The typical clinical presentation of trigeminal neuralgia is sudden, unilateral electrical shock-like pain dispersed among pain-free intervals along the side of the face. Paroxysmal attacks are frequently triggered by chewing, brushing teeth, laughing, talking, and even smiling. It is often referred to as the most excruciating pain syndrome known today affecting quality of life. In contrast, clinical criteria of atypical facial pain consist of persistent facial pain that does not have the characteristics of cranial neuralgias and cannot be attributed to a different disorder [12].

An approach is with fluoroscopy in oblique submental view. In this technique, foramen ovale is visualized; usually medially to the mandibular process, and then the needle is advanced toward the foramen, first in submental view and then in the lateral view to control depth.
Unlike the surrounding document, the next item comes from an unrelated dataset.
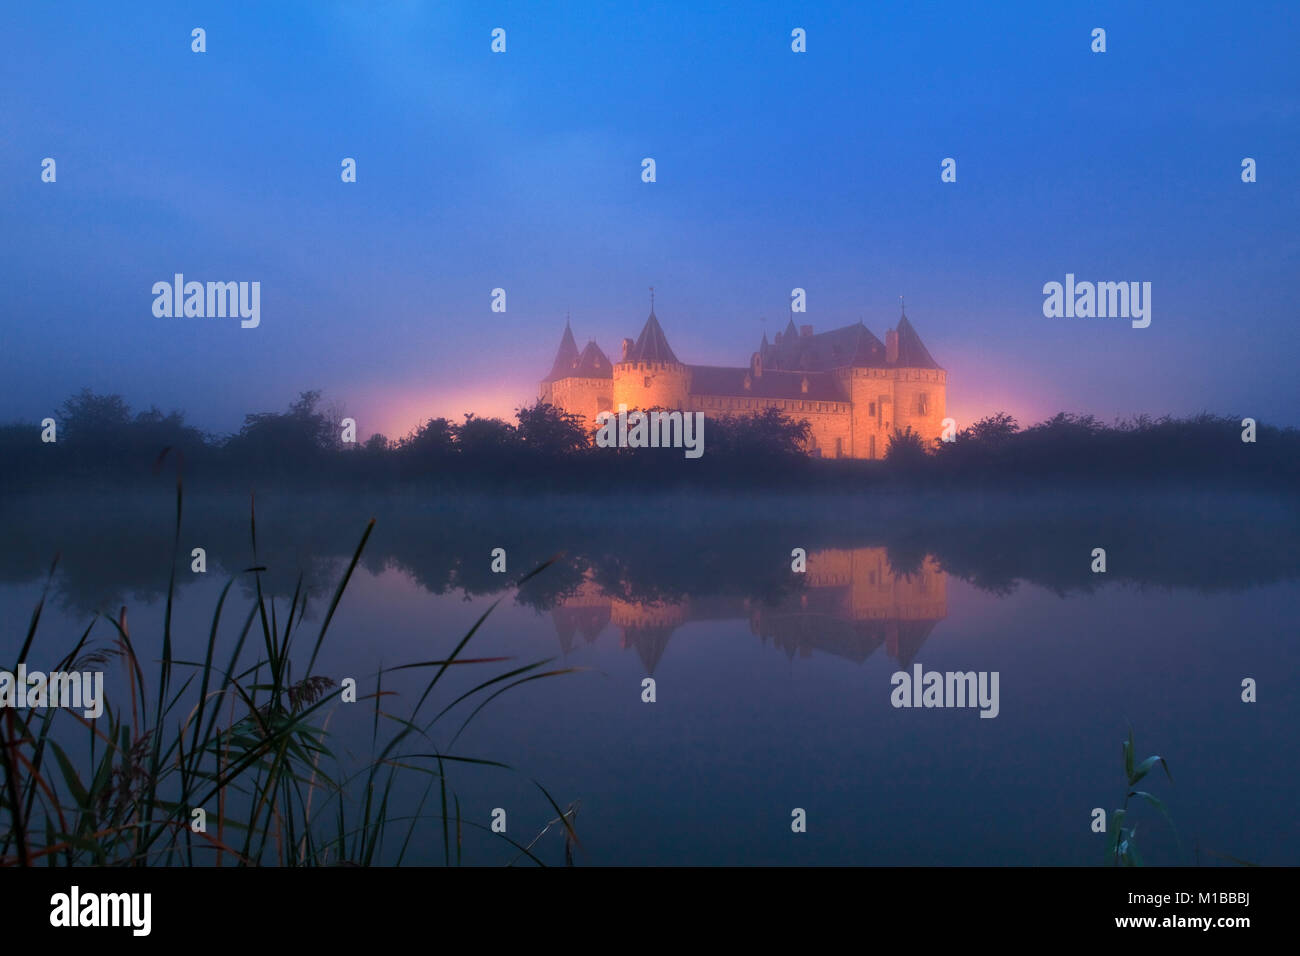 Die Niederlande, Muiden, beleuchtete Burg namens Muiderslot in Nebel im Morgengrauen. Stockfoto

One technique used to selectively injure the branches of the trigeminal nerve is continuous radiofrequency. This method allows identifying the affected branch by sensory and motor stimulation with conscious sedation. It is a percutaneous technique using the approach described by Hartel through the foramen ovale. An electrode is introduced through the needle (with an active tip of 2–5 mm) to make the lesion (ranges from 60–90°C). The deliberately damaged nerve is then no longer able to transmit nociceptive signals.

The potential risks of trigeminal rhizotomy include, but are not limited to, facial numbness spreading beyond the required area [causing corneal anesthesia (6%) with its risk of ulceration], weakness of chewing (4%), and a rare chance of neuropathic pain (1%, anesthesia dolorosa) [13].
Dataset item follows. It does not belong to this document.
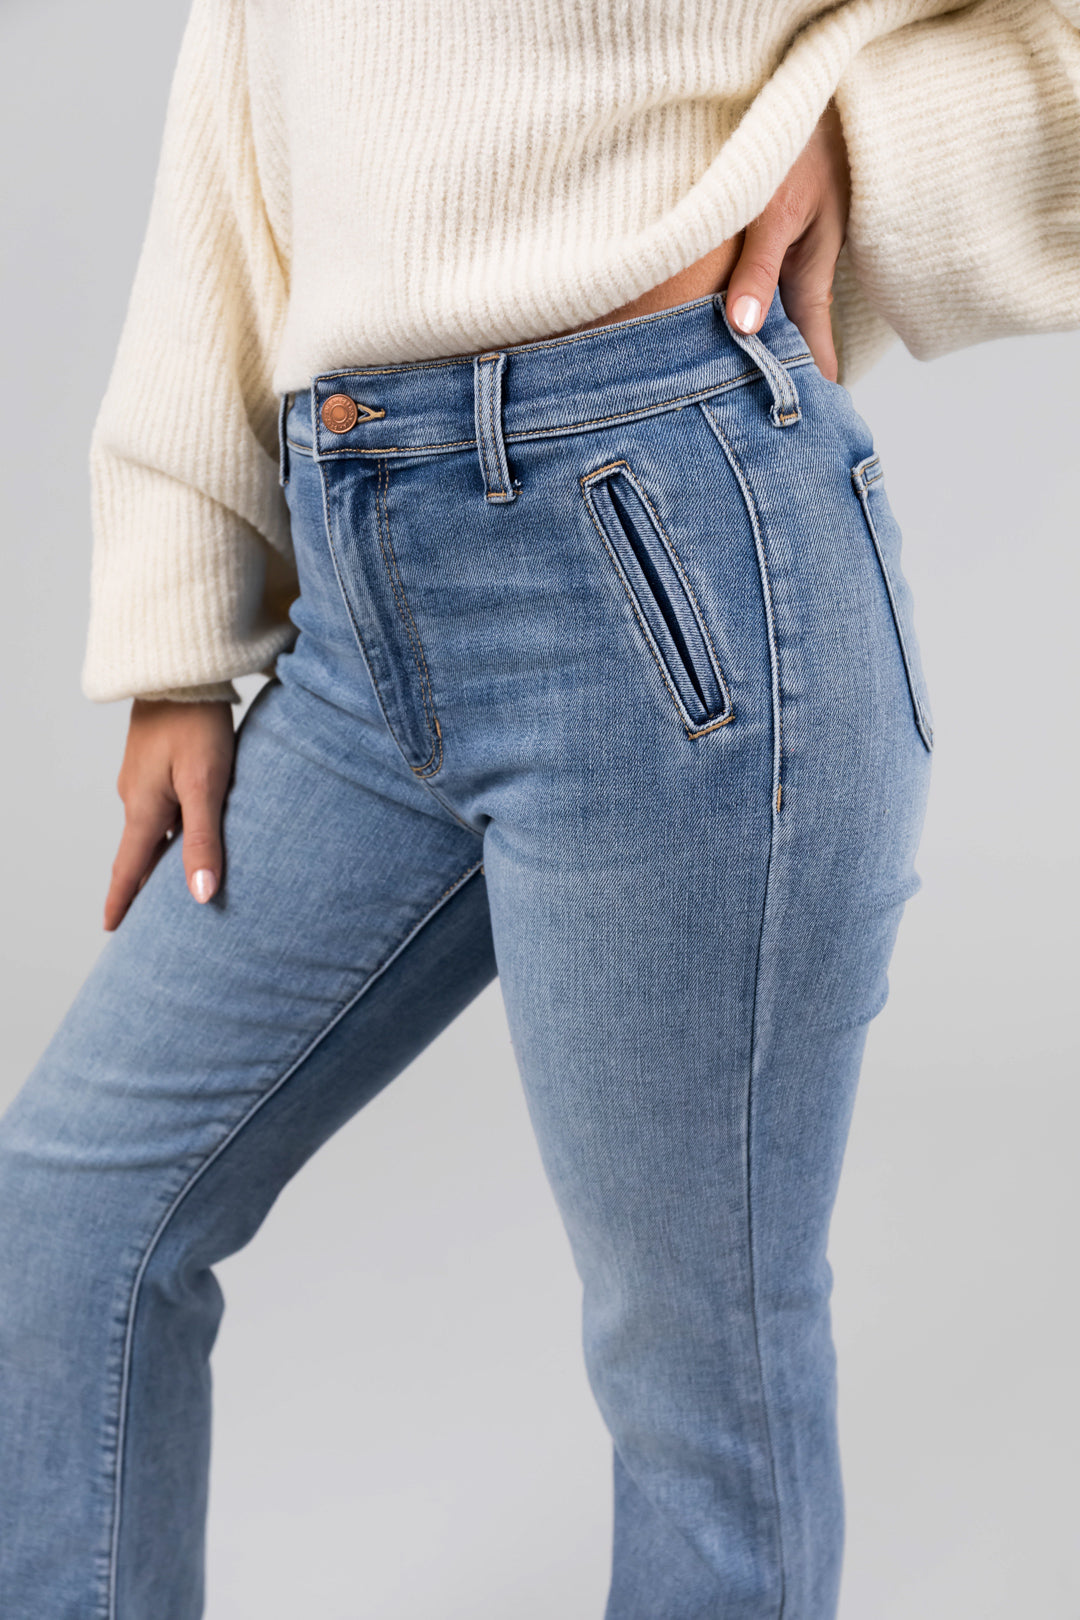 Sneak Peek Medium Light Wash Stretchy Slim Bootcut Jeans

There is extensive evidence of the use of continuous radiofrequency for the treatment of trigeminal neuralgia, indicated acute pain relief in 97.6% of patients and continued complete pain relief at 5-year follow-up in 57.7% of patients. The effectiveness of pulsed radiofrequency (PRF) for trigeminal neuralgia is still under debate [13]. (See Figure 2)


Figure 2.

Gasserian ganglion block.

6. Glossopharyngeal nerve block

The glossopharyngeal nerve (GPN) is an important consideration as a pain generator or modulator in cases of pain of the face and neck. Although uncommon as an etiology of head and neck pain (0.57–1.3% of cases of facial pain), tumor invasion can lead to glossopharyngeal neuralgia, like cerebellopontine angle tumors [14].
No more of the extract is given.